Isn’t the advantage that an upper bound on the number of steps required can be computed statically?

This means we can refuse to compute things that violate some limit and give back a meaningful error, for all possible inputs.

Whereas with the Turing complete plus Runtime Limit approach, we might pick a limit that is too low for some inputs we care about. We won’t know until we run the computation and hit the limit! We see this sometimes with C++ template recursion.

I might be totally confused here so I hope some more knowledgable can weigh in :)

By @conradludgate - 2 months
I've wanted to write a backend web programming language that is based on non-terminating/bounded principles. My theory is that all functions can prove to the compiler that they have bounded execution based on the state and arguments given, and that X is the lower bound and Y is the upper bound. This propagates all the way to the entry point.

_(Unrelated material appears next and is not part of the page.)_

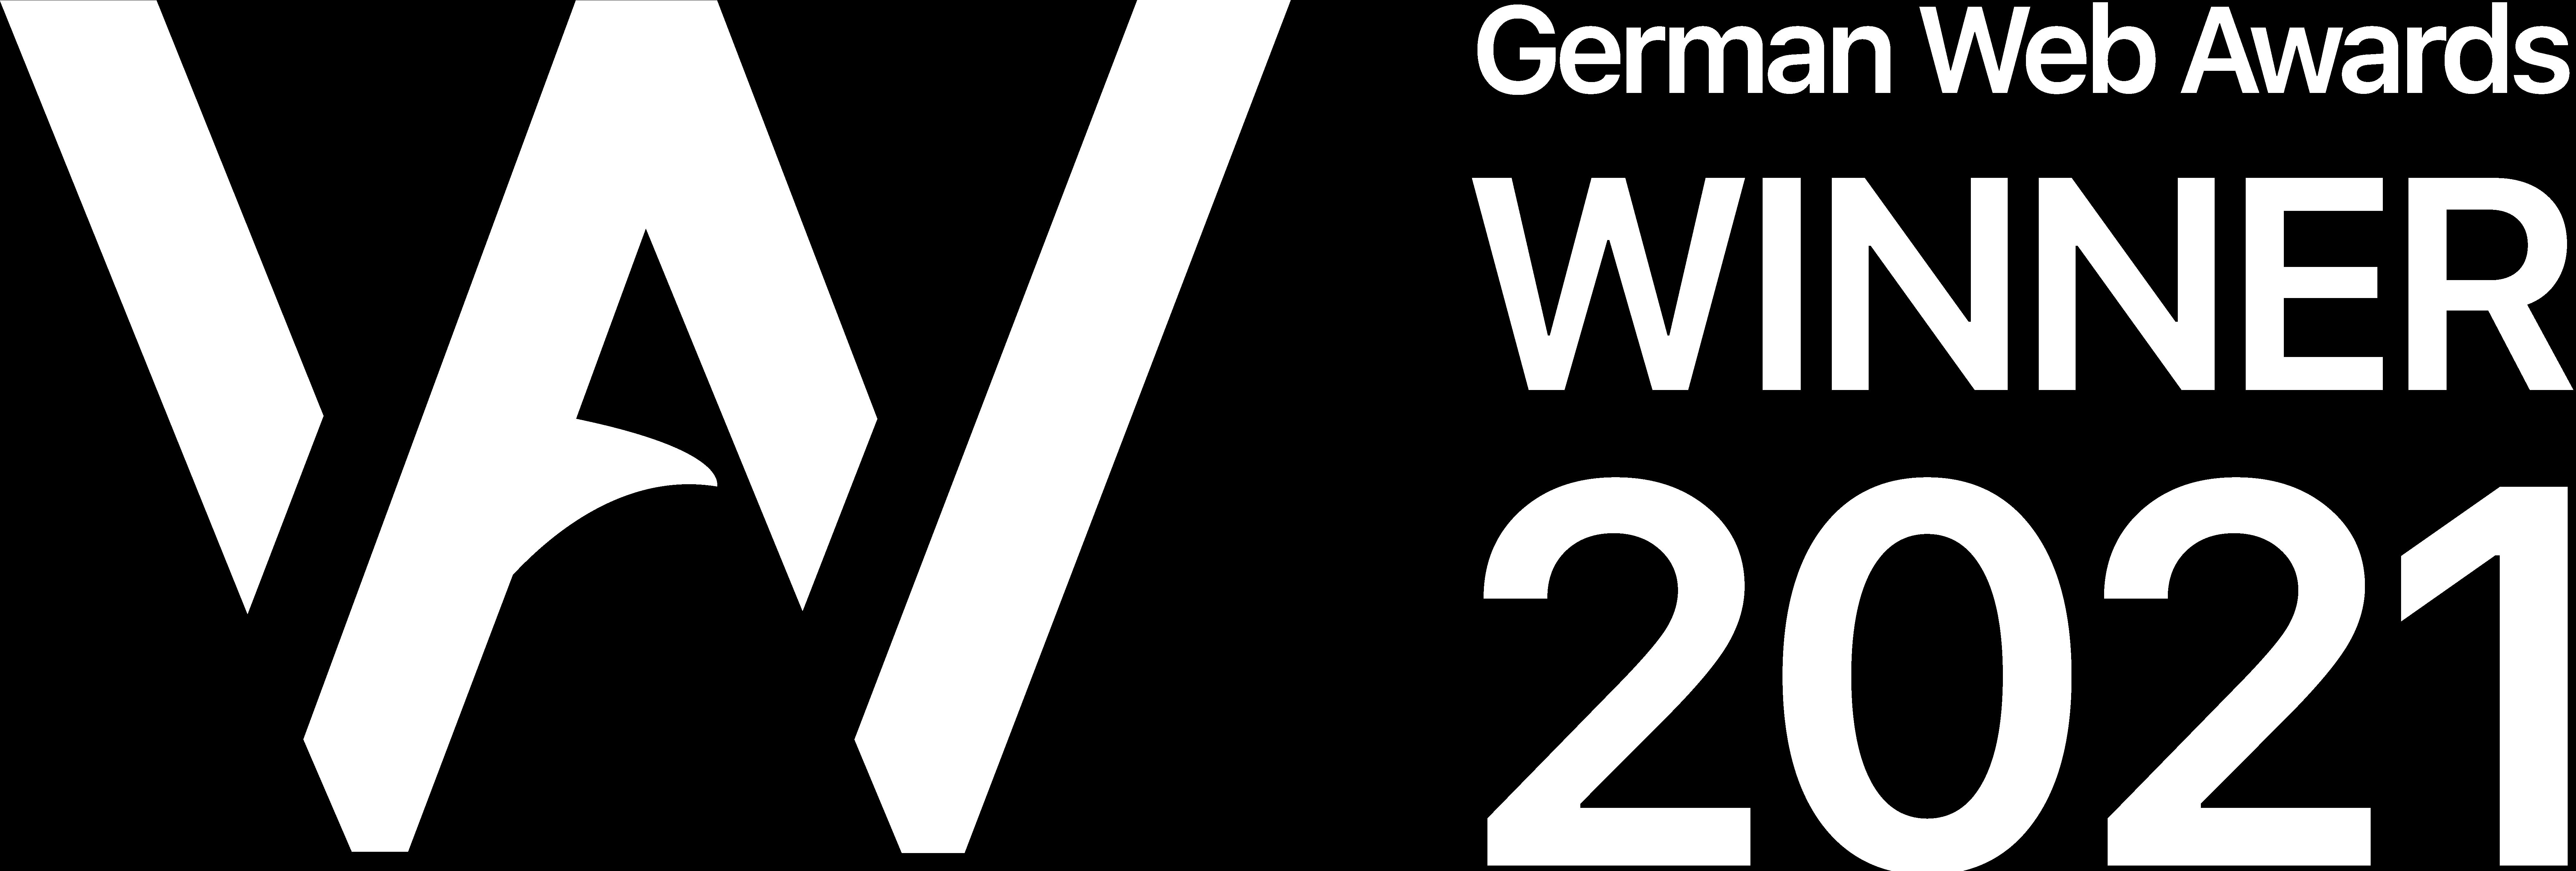 Winner German Web Award 2021

I agree with the author with regards to the stronger semantics, and that's why I thought of this language. You often want to have some guarantees over the execution time of your program. It would probably be PRF based at the core, but Turing complete in practice. Like how rust rejects invalid borrows but still offers unsafe for raw pointers, this lang would either calculate the upper bound based on the simple loop primitives, or you'd have to use the unsafe operators and provide an alternative formula for the bounds.

By @layer8 - 2 months
@author: s/defile/define/ ;)

Also: s/necessary/necessarily/

By @ch0ic3 - 2 months
I'm struggling with the mini rant / motivation of the article:

> Typically, not being Turing-complete is extolled as a virtue or even a requirement in specific domains. I claim that most such discussions are misinformed — that not being Turing complete doesn’t actually mean what folks want it to mean

Why are those discussion misinformed? Most formal analysis tools (Coq, Isabelle, Agda(?)) usually require a proof that a function terminates. This is I think is equivalent to proving that it is total implying it is primitive recursive?

By @4ad - 2 months
I am a CUE developer. CUE is primitive recursive. It also happens to fulfill your desired criteria for a "good" configuration language.